Анисья, не обращая внимания и не слушая, гремя, мыла тарелки и торопливо и сердито ворчала:
– Дух-то чижолый… не продыхнешь… Все комнаты запакостили… – И плюнула.
Не понимая, о чем идет речь, Наташа пошла в комнаты, и все сверлило:
Хвост, замирая, свиваясь, дрожит…
Как только она отворила дверь, тяжело ревущий вой, казалось под самыми окнами, ринулся на нее, терзая и мучая. Он давил все, топтал живые человеческие голоса и безумно метался в красных окнах.

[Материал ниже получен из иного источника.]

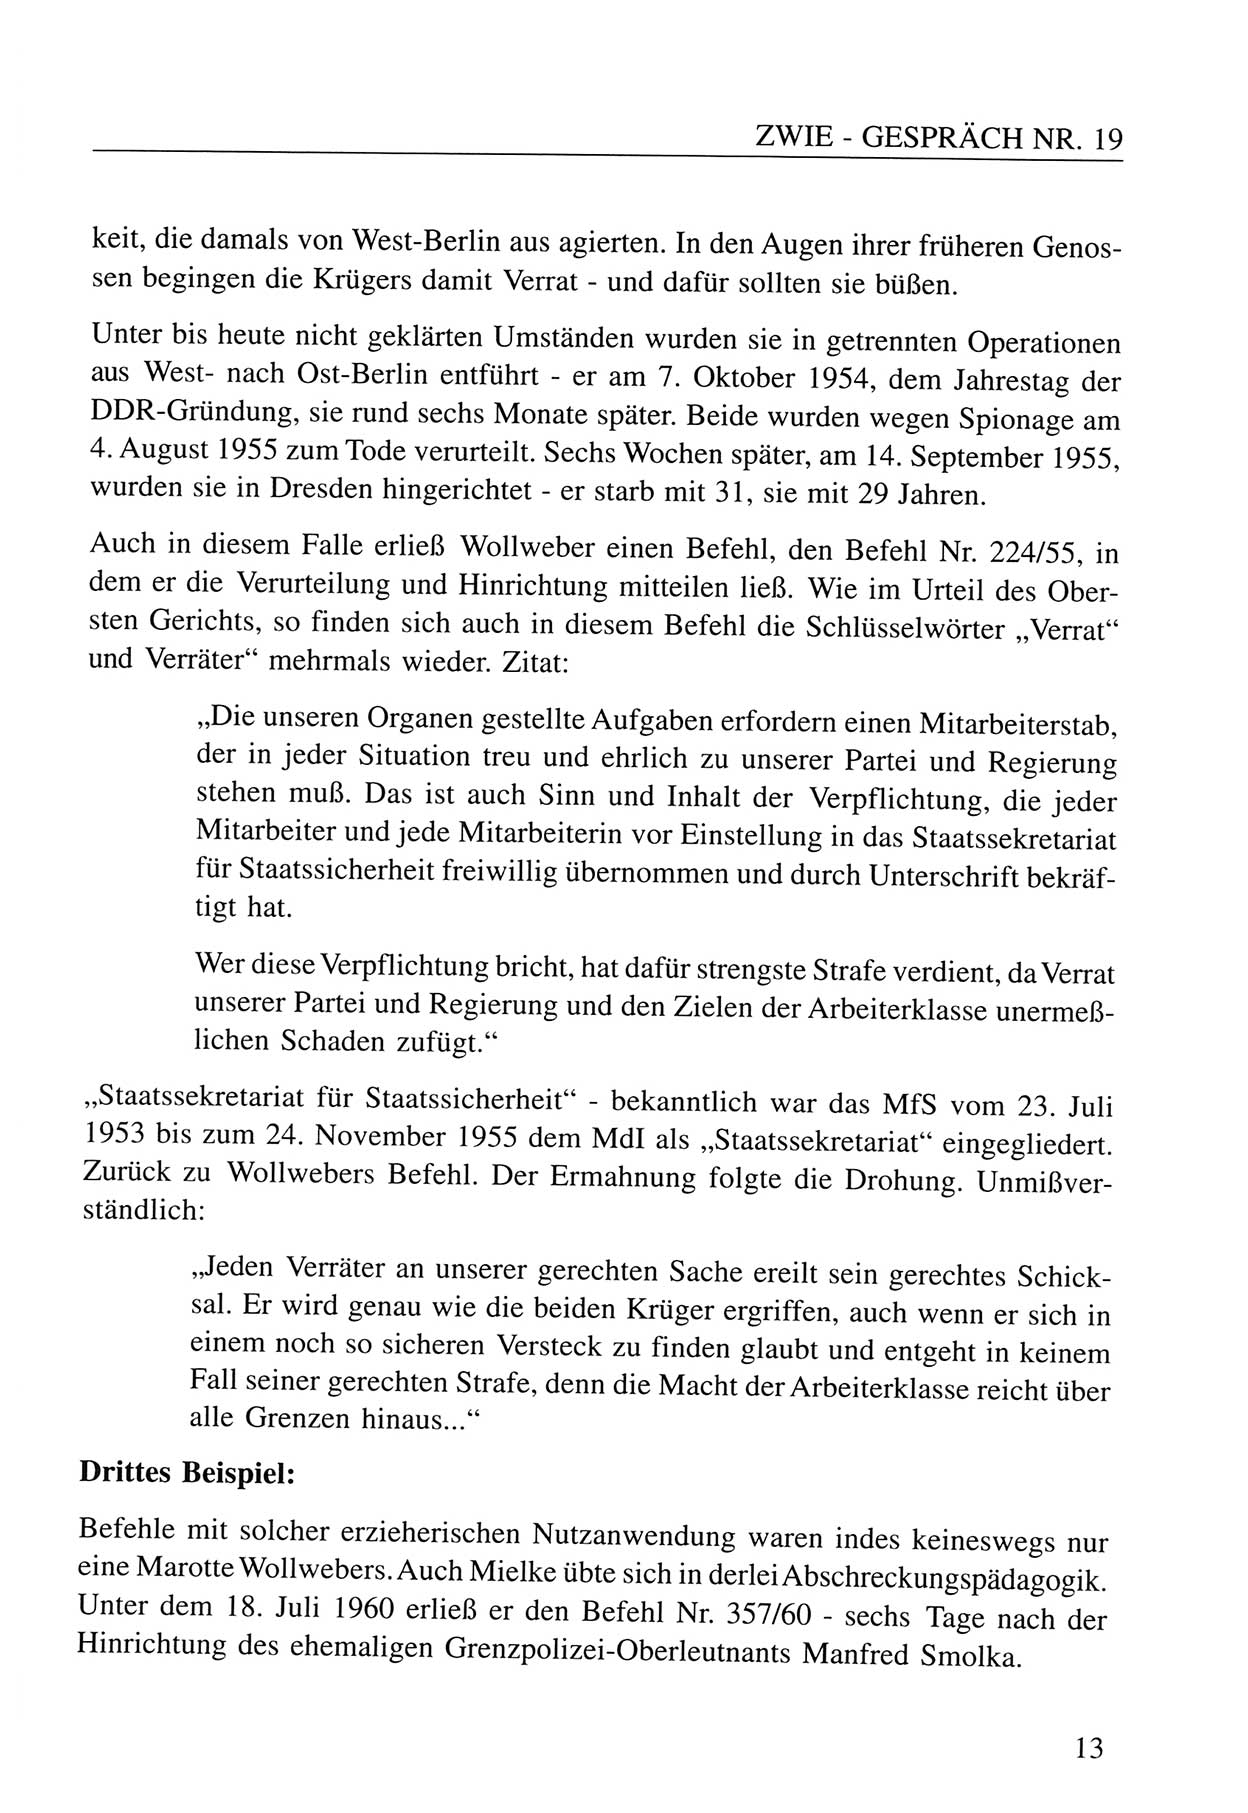 Zwie-Gespräch, Beiträge zum Umgang mit der Staatssicherheits-Vergangenheit [Deutsche Demokratische Republik (DDR)], Ausgabe Nr. 19, Berlin 1994, Seite 13 (Zwie-Gespr. Ausg. 19 1994, S. 13)

Наташа тревожно, с болезненным личиком, озиралась, точно ища места скрыться от этого тяжко дрожащего воя, который то бился, то ровно, монотонно, упорно стоял в окнах.
– Мамочка, да что же это такое!.. Боже мой, что же это, наконец, такое!..
– Скажи Анисье, чтобы ставила опять самовары, – надо взрослых поить; ведь ничего не ели, и неизвестно, сколько это протянется.
Анисьи и след простыл. Борис сам засучил рукава и наливал самовары. Наташа помогала, нервно и без причины смеясь.
– Ну, чего ты? – сердито говорил Борис.
А вой, дрожа, стоял в краснеющих окнах, ни на минуту не ослабляя своей силы. И Наташа металась, сдавливая голову обеими руками, точно голова, переполненная этим ревущим, мятущимся воем, готова была лопнуть.
– Мамочка… я не могу, не могу… так не могут реветь люди…
Она затыкала уши, но и сквозь пальцы все стоял сн – воющий, слепой и злобно трясущийся. Чудовище тяжело ворочалось, и судороги бежали по его мягкотелому, обвисшему брюху. Наташа торопливо легла на кровать и придавила голову подушкой, но и теперь чувствовала дрожание от глухо замирающего в голове рева.
Когда Цыганкова заглянула в кухню, Анисья стояла у стола и перебирала тонкие полотняные сорочки с прошивками. Она улыбалась, подымала брови, причмокивала языком и разговаривала сама с собой.
– Анисья, что ж вы самовары?.. Ведь там же ждут.
– Кабы люди ждали, а то нехристи, прости, господи, душу мою грешную… И удивляюсь я вам, барыня, что вы возитесь с этой нечистью… Христа распяли…
– Да вы с ума сошли! Что это у вас?
– А это, барыня, – лицо Анисьи лучезарно расплылось, – в кои-то веки полотняные сорочки себе завела… такие уж тонкие да гладкие, чисто шелковые…
Цыганкова всплеснула руками,
– Анисья, да ведь это – грабеж!
Лицо Анисьи сразу стало злым и ожесточенным.